## YOUR ASSIGNMENT
Set the pictures aside and write down, exactly as they appear, the lines from the one containing "Produktnutzung am Beispiel" through the end of the material.

## DATA SHOWN
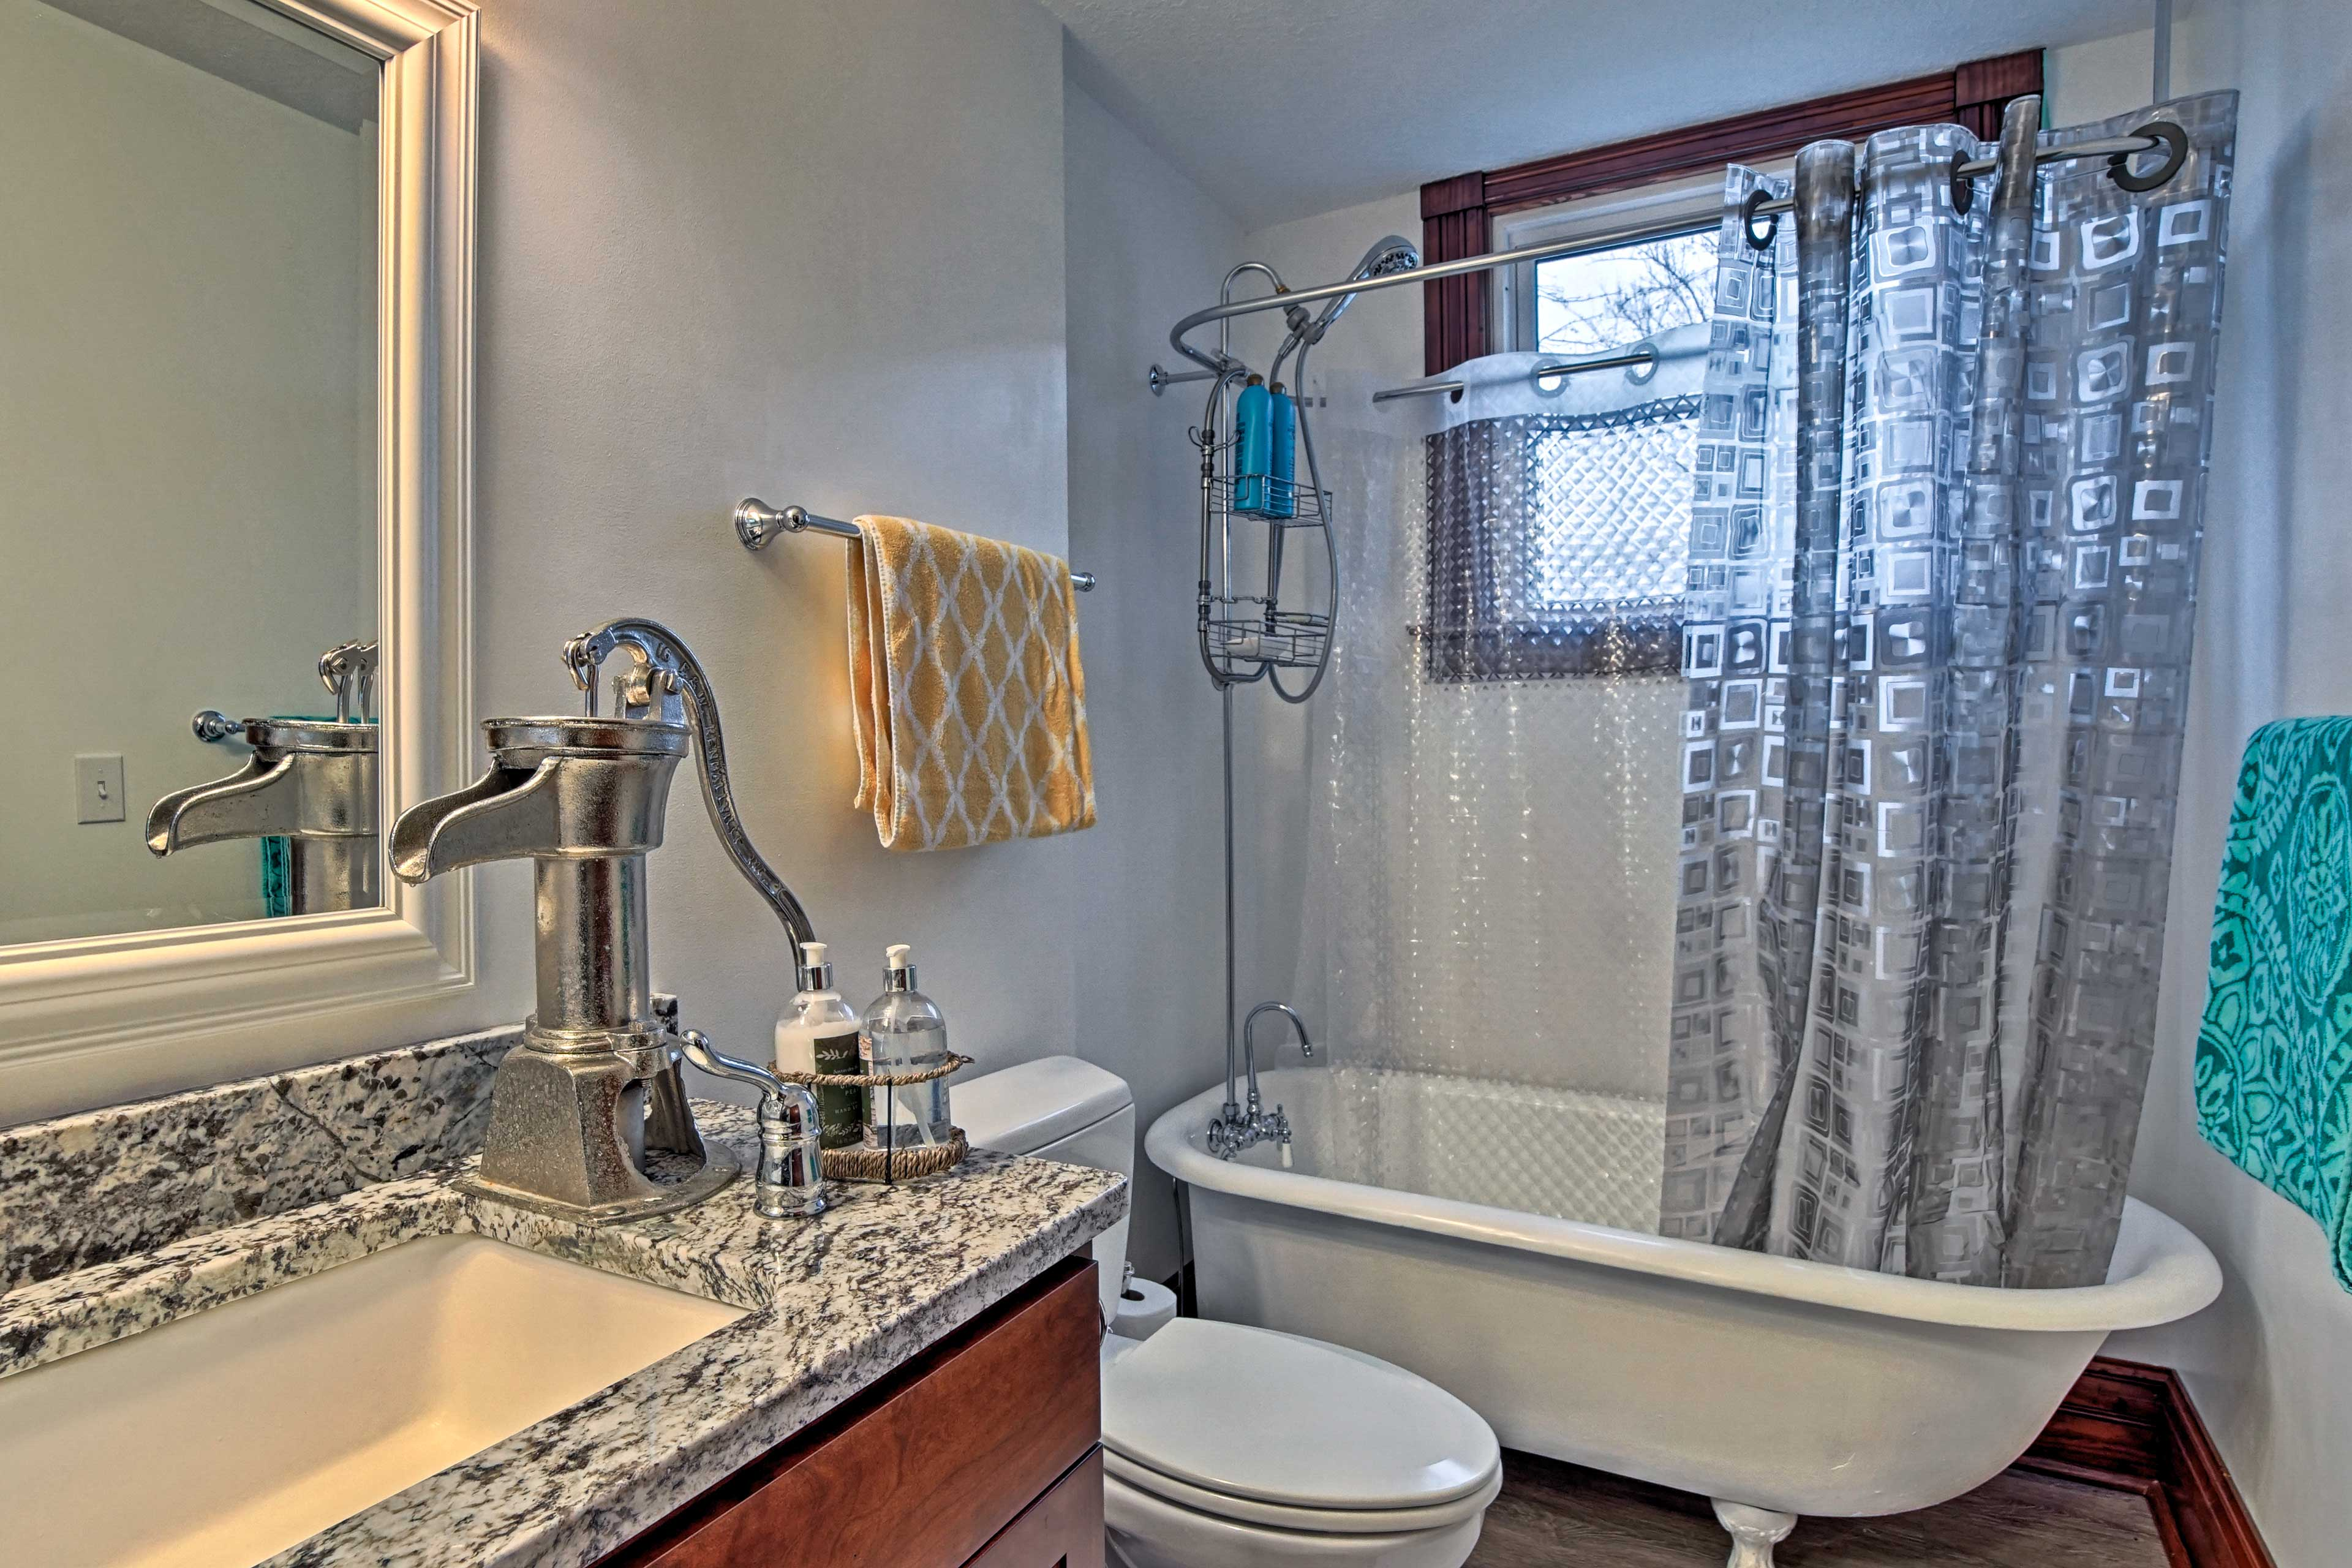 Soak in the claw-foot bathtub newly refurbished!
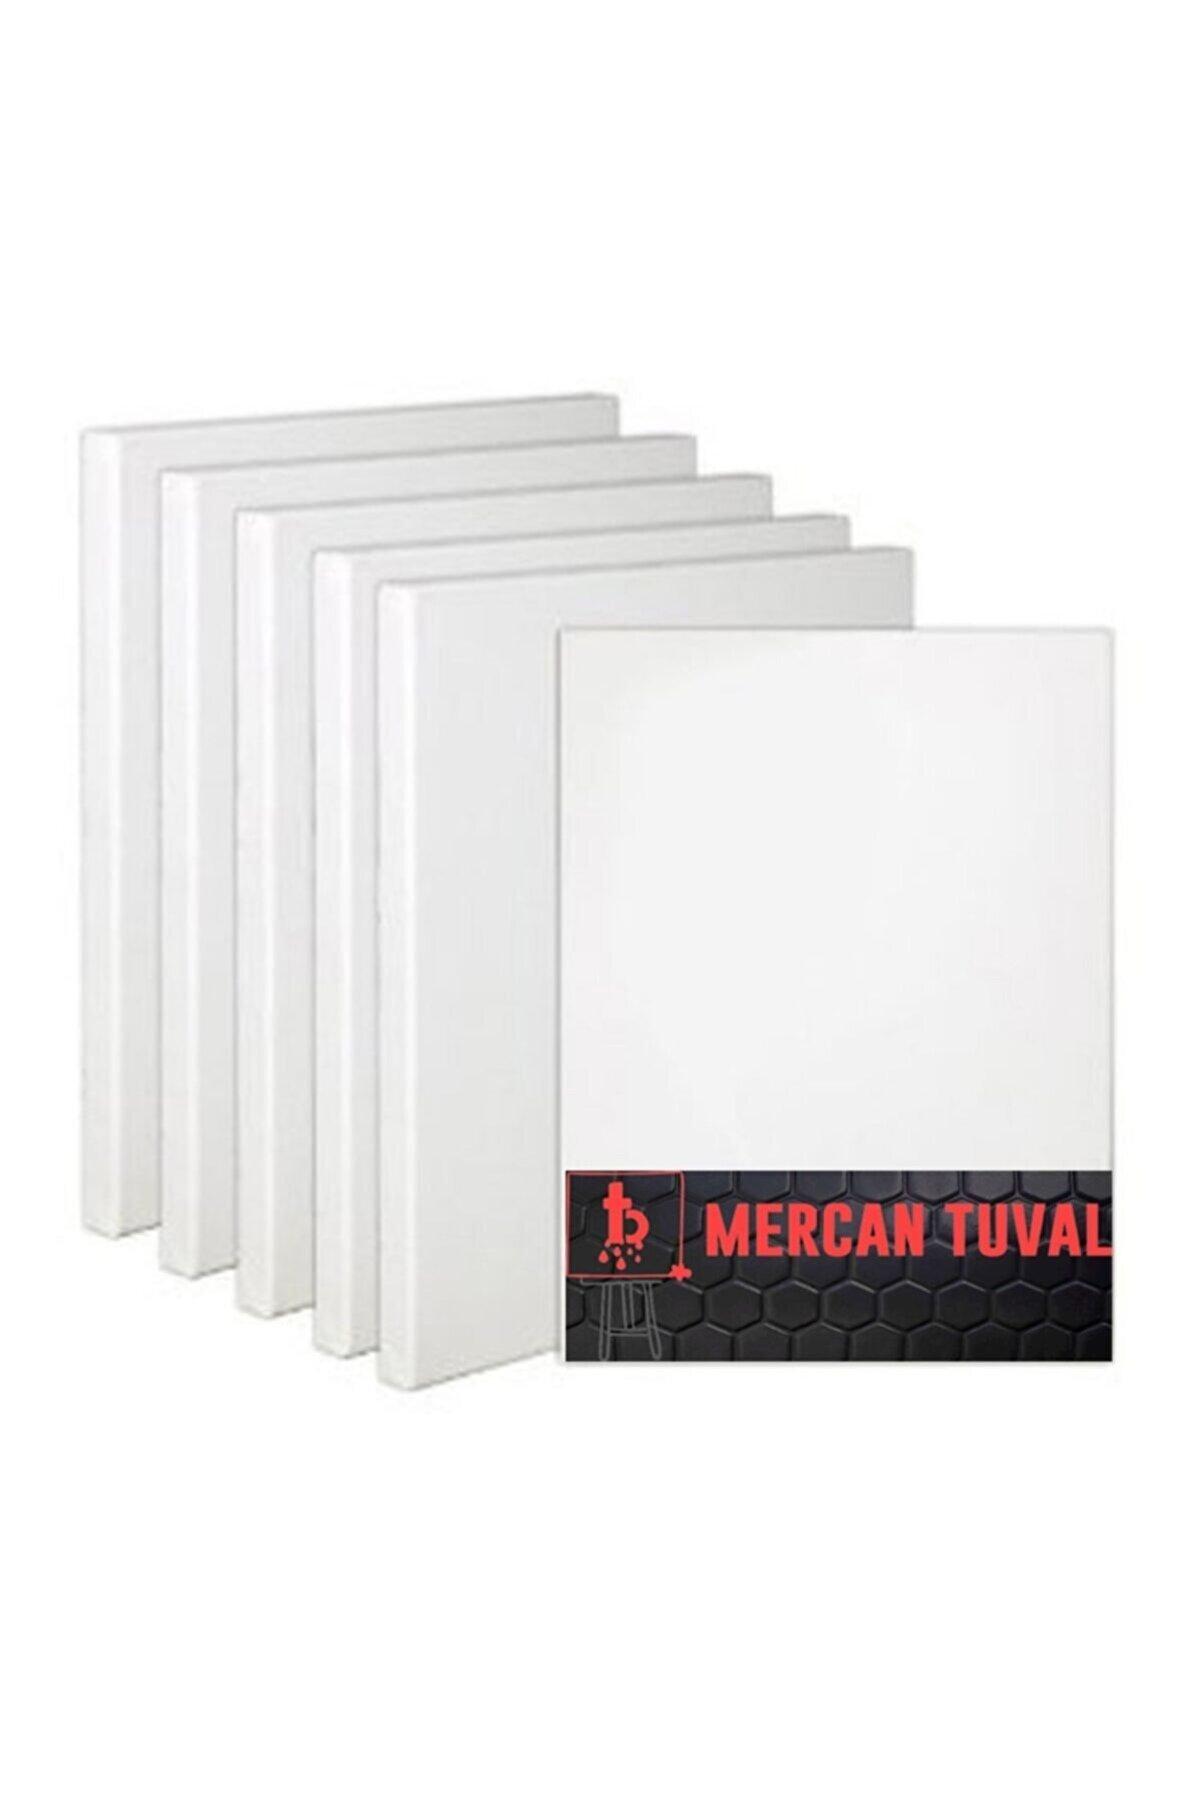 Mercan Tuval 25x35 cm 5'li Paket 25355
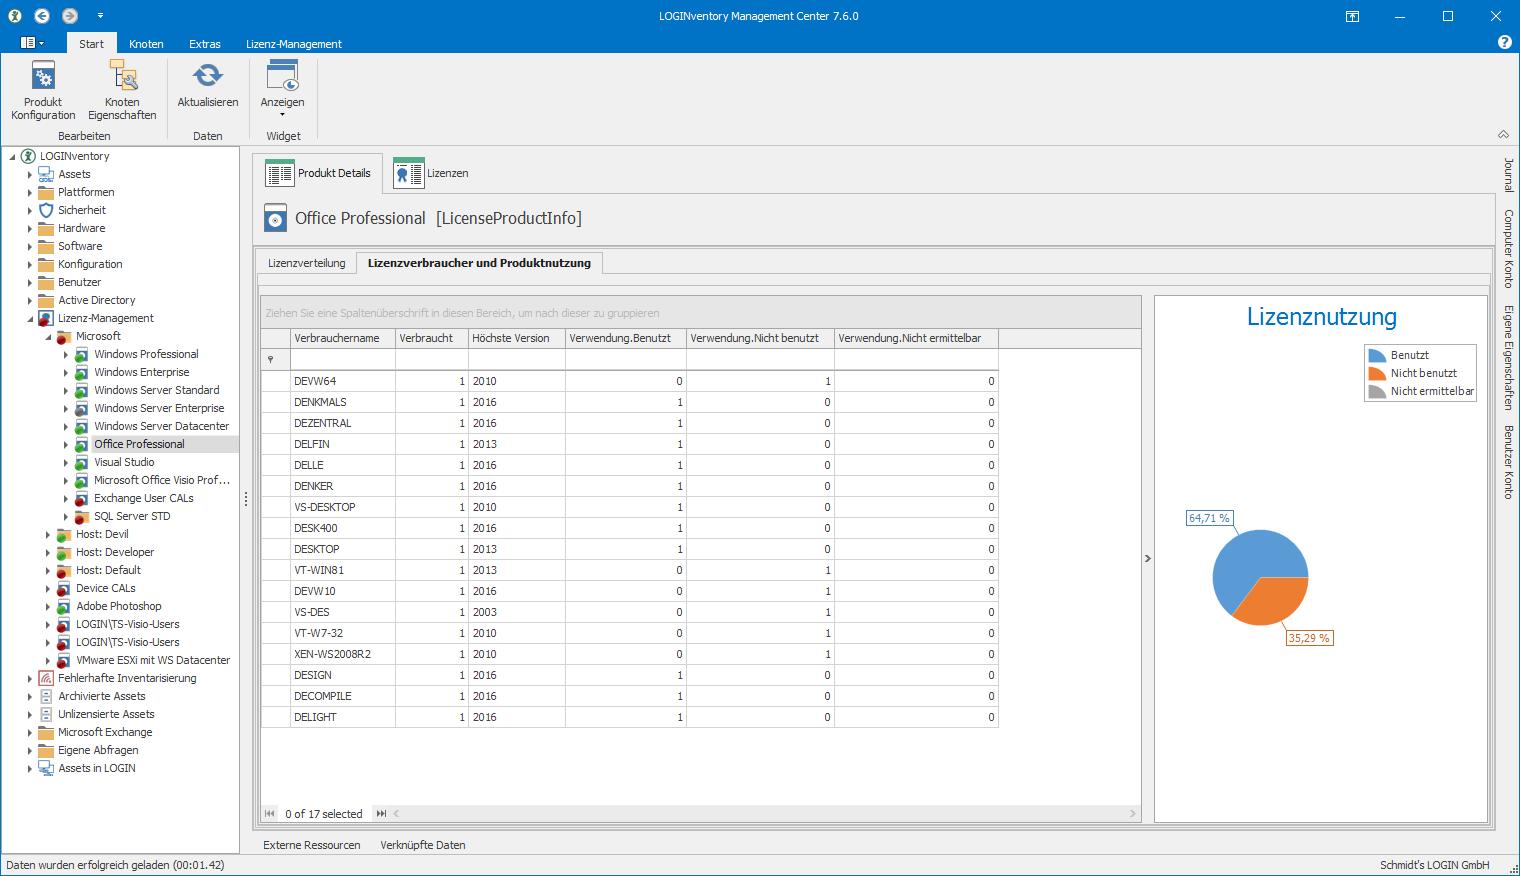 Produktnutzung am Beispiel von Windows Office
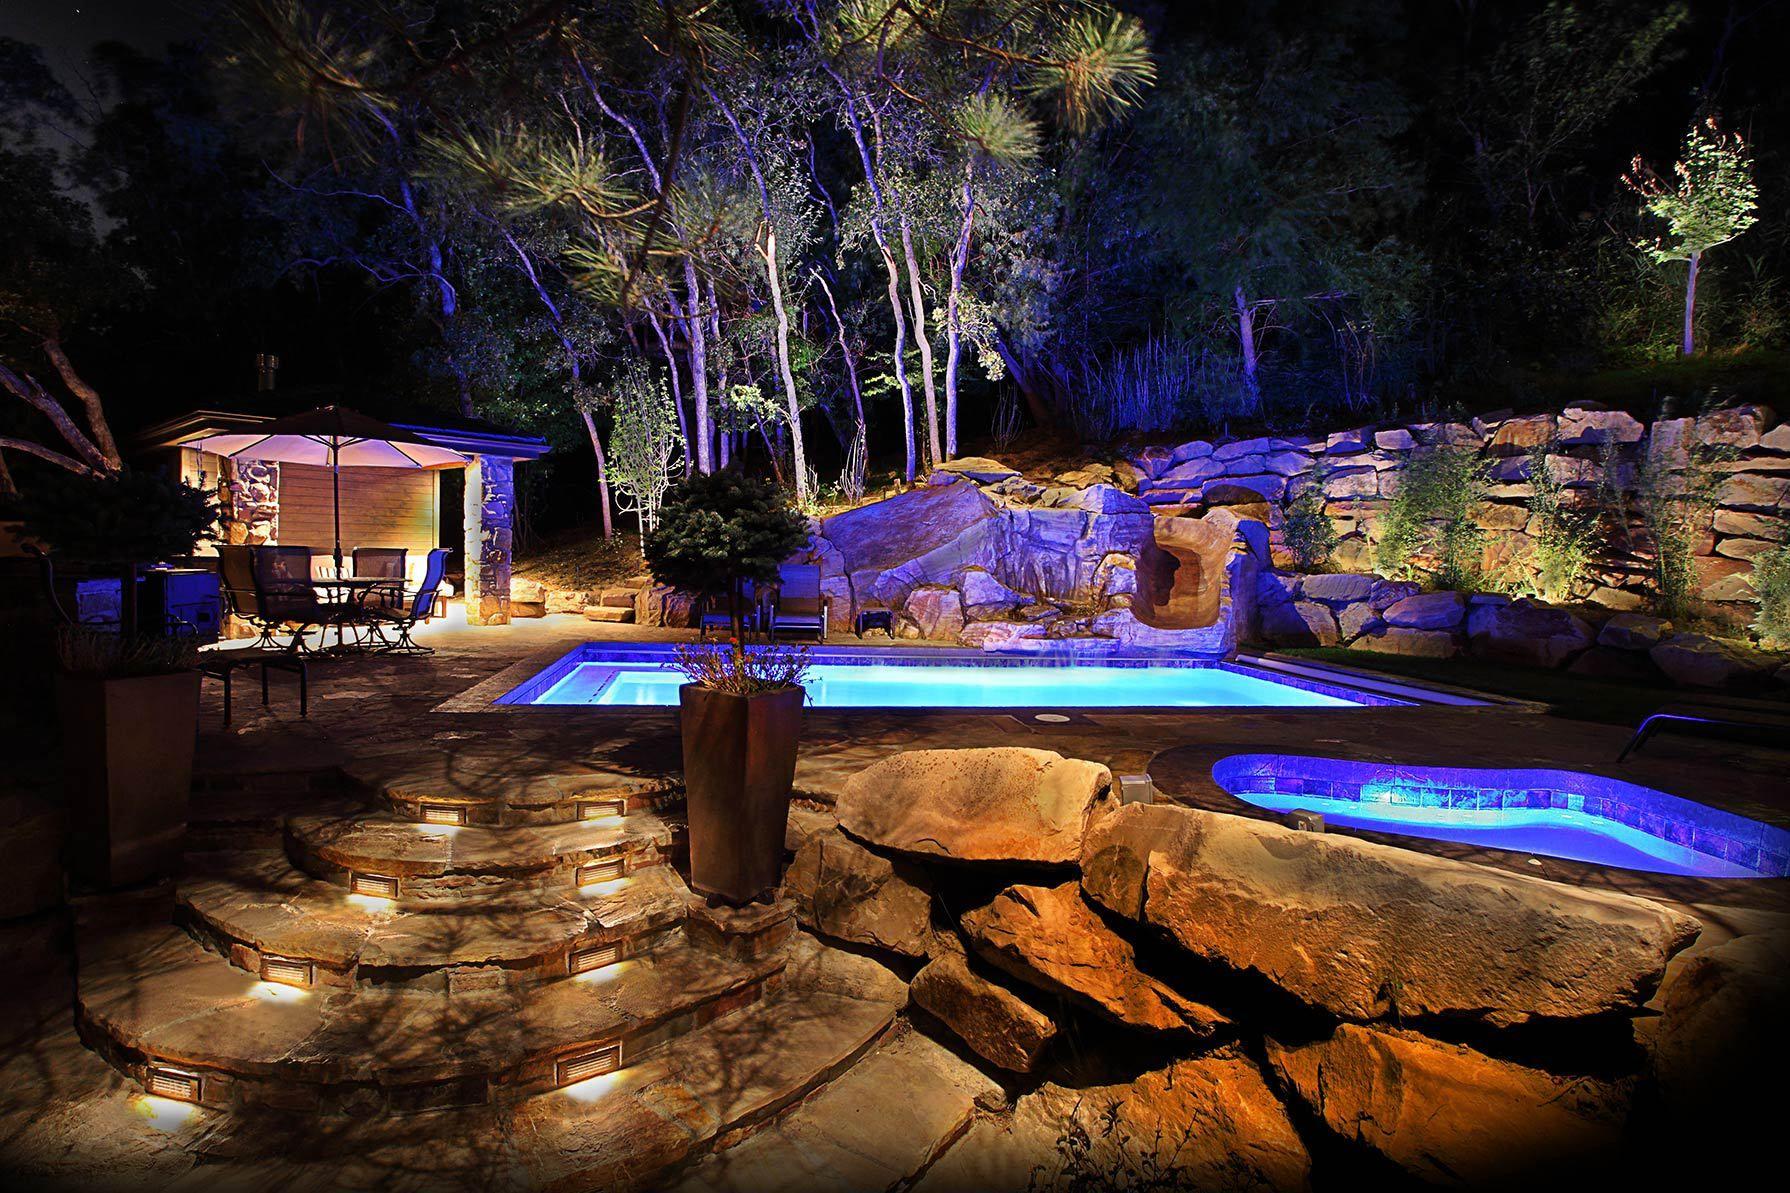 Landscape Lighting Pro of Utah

## TASK SOLUTION
 Produktnutzung am Beispiel von Windows Office
 Landscape Lighting Pro of Utah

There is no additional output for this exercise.